Same - While off owner's property.

(a) It shall be the duty of the owner of any animal or anyone having possession of any animal to keep the animal under restrain and control at all times while the animal is off the real property limits of the owner, possessor or custodian.

(b) For the purposes of this section, an animal is deemed under control when:

(1) It is securely confined within a vehicle, parked or in motion;

(2) It is properly confined with a secure enclosure with the permission of the owner of the property where the enclosure is located; or

(3) It its securely restrained by a leash or other devise held by a competent person . . .

(c) Additional requirements for precautions to be taken by owners of dangerous animals are that, except when being transported in and securely confined within a vehicle, no dangerous animal shall be permitted off the property of its owner, except when it is:

(1) Attended by its owner;

(2) Restrained by secure collar and leash (not to exceed six (6) feet in length, both collar and leash of sufficient strength to prevent escape; and

(3) Muzzled by any means sufficient to prevent biting other persons or domestic animals . . . (emphasis added).

The DeKalb County ordinance allows that, where an animal is not on the premises of the owner, the animal may be confined in a vehicle, confined in some other secure enclosure, or muzzled by any means, in addition to the choices of being in "attendance" by the owner or on a leash. The legislature specifically provided in O.C.G.A. § 51-2-7 that an ordinance may substitute for proof of vicious propensity where it provides that the animal was required to be restrained at the time of the incident by one of only two methods: 1) at heel, or 2) on a leash. Therefore, the DeKalb County ordinance is more broad that the type of ordinance mentioned by the legislature in O.C.G.A. § 51-2-7.
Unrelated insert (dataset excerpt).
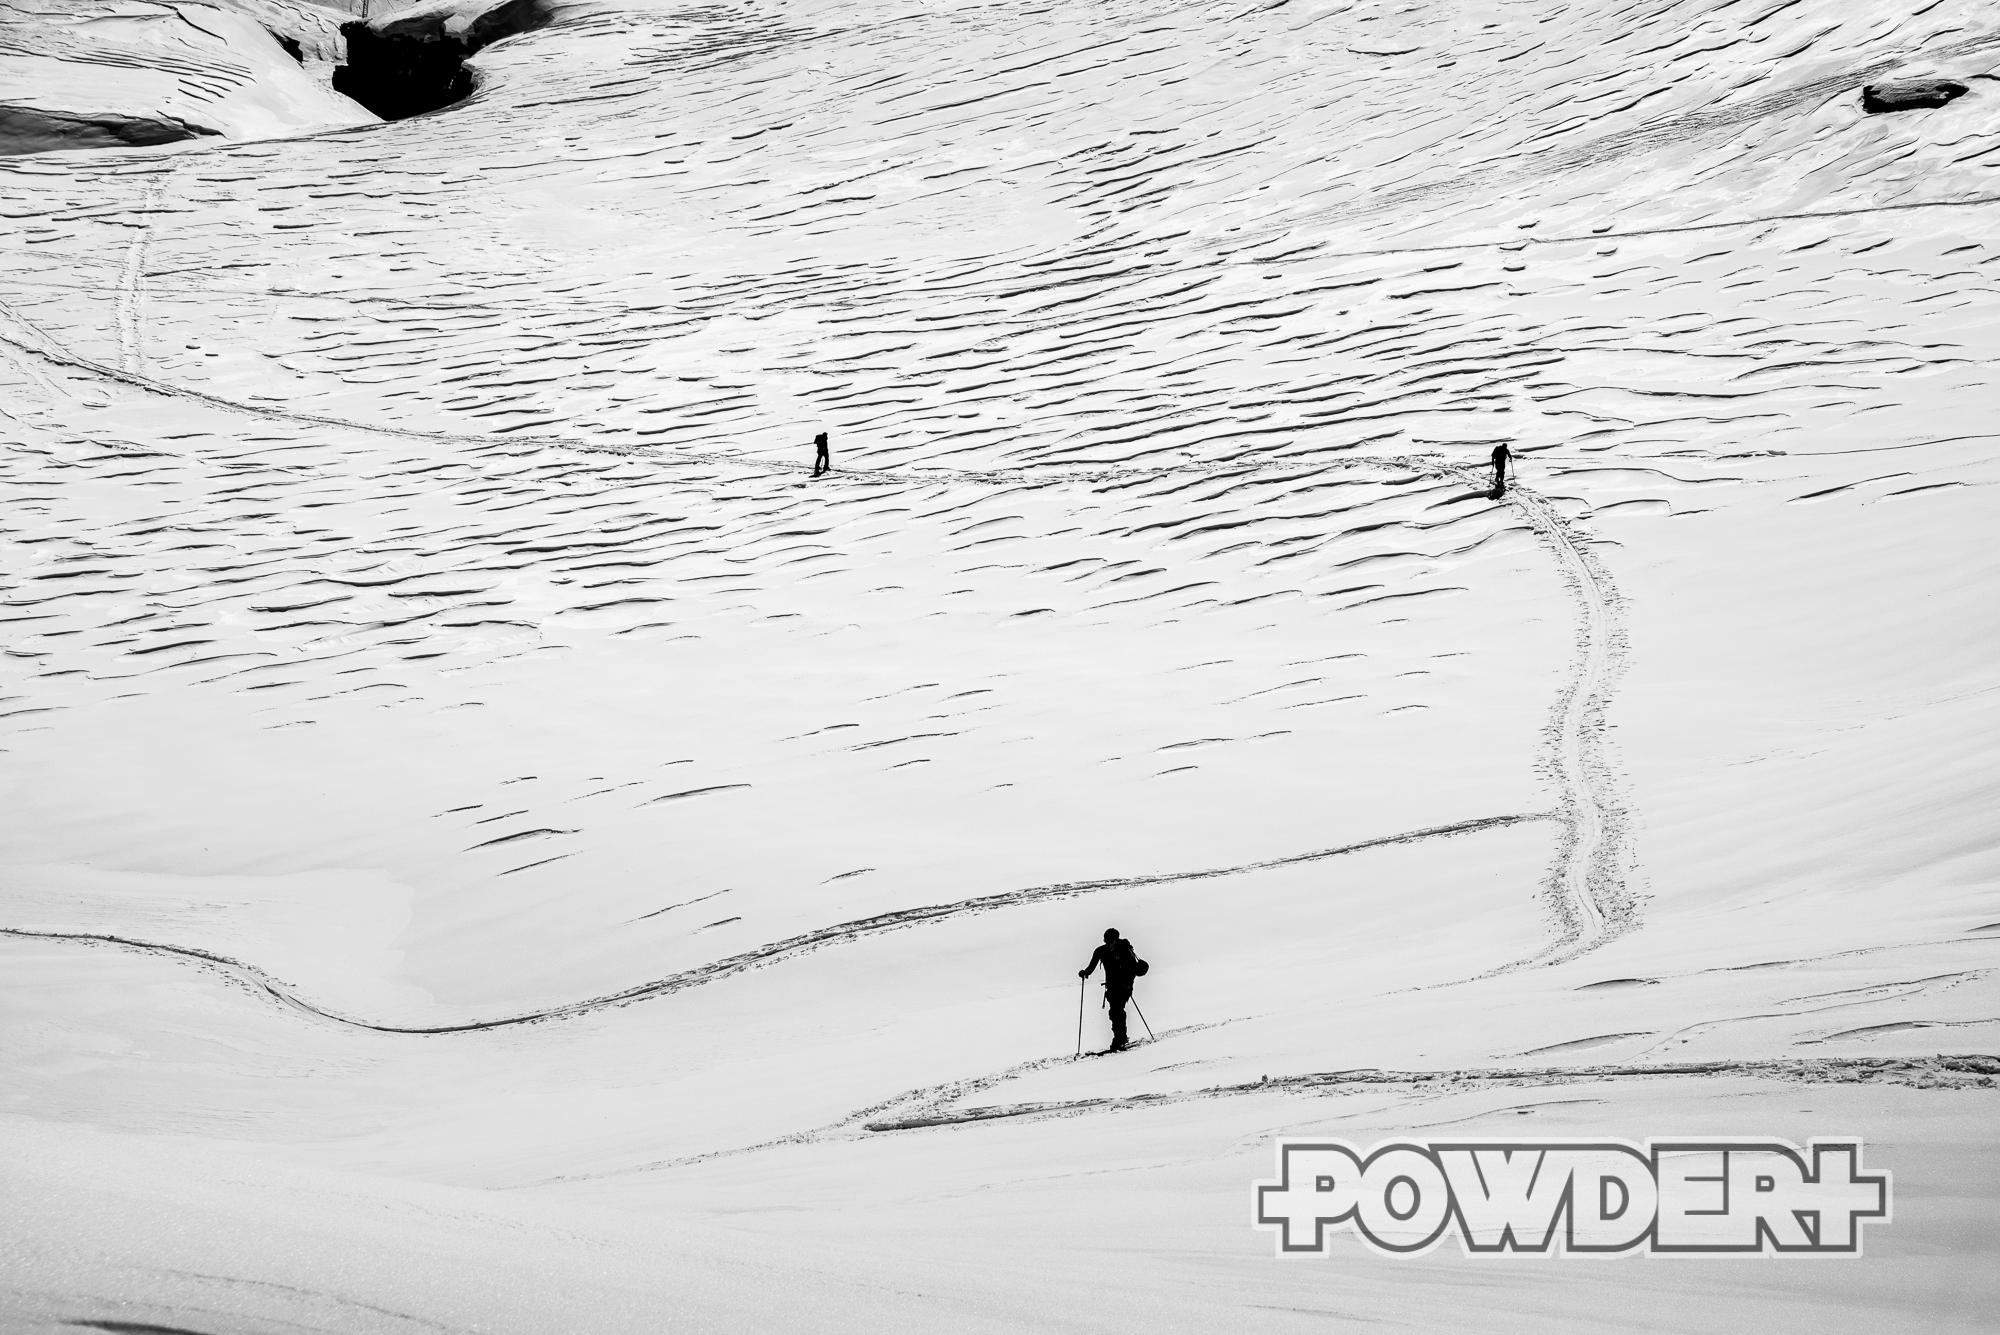 freeride, powder report, skitour, freeridetour, salsa,gressoney

Additionally, the DeKalb County ordinance does not require that an animal be kept "at heel," like the type of statute mentioned by the legislature in O.C.G.A. § 51-2-7, but the ordinance only requires that an animal be "attended by its owner." DeKalb County Code, § 5-11 (c)(1), supra."At heel" is clearly a more restrictive requirement than "attended." Webster's Dictionary defines "at heel" as "Directly following in time or space." (Emphasis added) Webster's II New Riverside Desk Dictionary 196 (Home and Office ed., Houghton Mifflin Co.) (1988). However, Webster's defines "attend" as "to be present."Id. at 28. Therefore, the DeKalb County Code, providing that an animal merely must be "attended by its owner," allows a dog owner to merely be in the presence of his or her animal when the animal is off of the owner's property. This is a more lenient guideline than a requirement that an animal be kept "at heel," which would indicate that the owner must be in extremely close in proximity to the animal. Therefore, the DeKalb County animal restraint ordinance is a broader and more lenient type of ordinance than the type envisioned by the legislature to substitute for evidence of an animal's vicious propensity.

In Evans-Watson v. Reese, supra, the plaintiff was injured when she fell as she was being chased by the defendant's dog that was, like in the present case, off the premises of its owner. Regarding DeKalb County Code § 5-11, the Reese Court stated:

"We note that the ordinance does not limit the requirement to "at heel" or on leash but allows also other devices or confinement. Since it is broader, it does not appear to be the type of ordinance specifically designated by the legislature to constitute a substitute for proof of vicious propensity." Id. at 294.

Therefore, if the evidence shows that the dog was not properly restrained at the time of the incident in accordance with a local law, all hope is not lost for a defendant if the local law allows for less restrictive means of animal confinement than only the requirements of at heel or on a leash.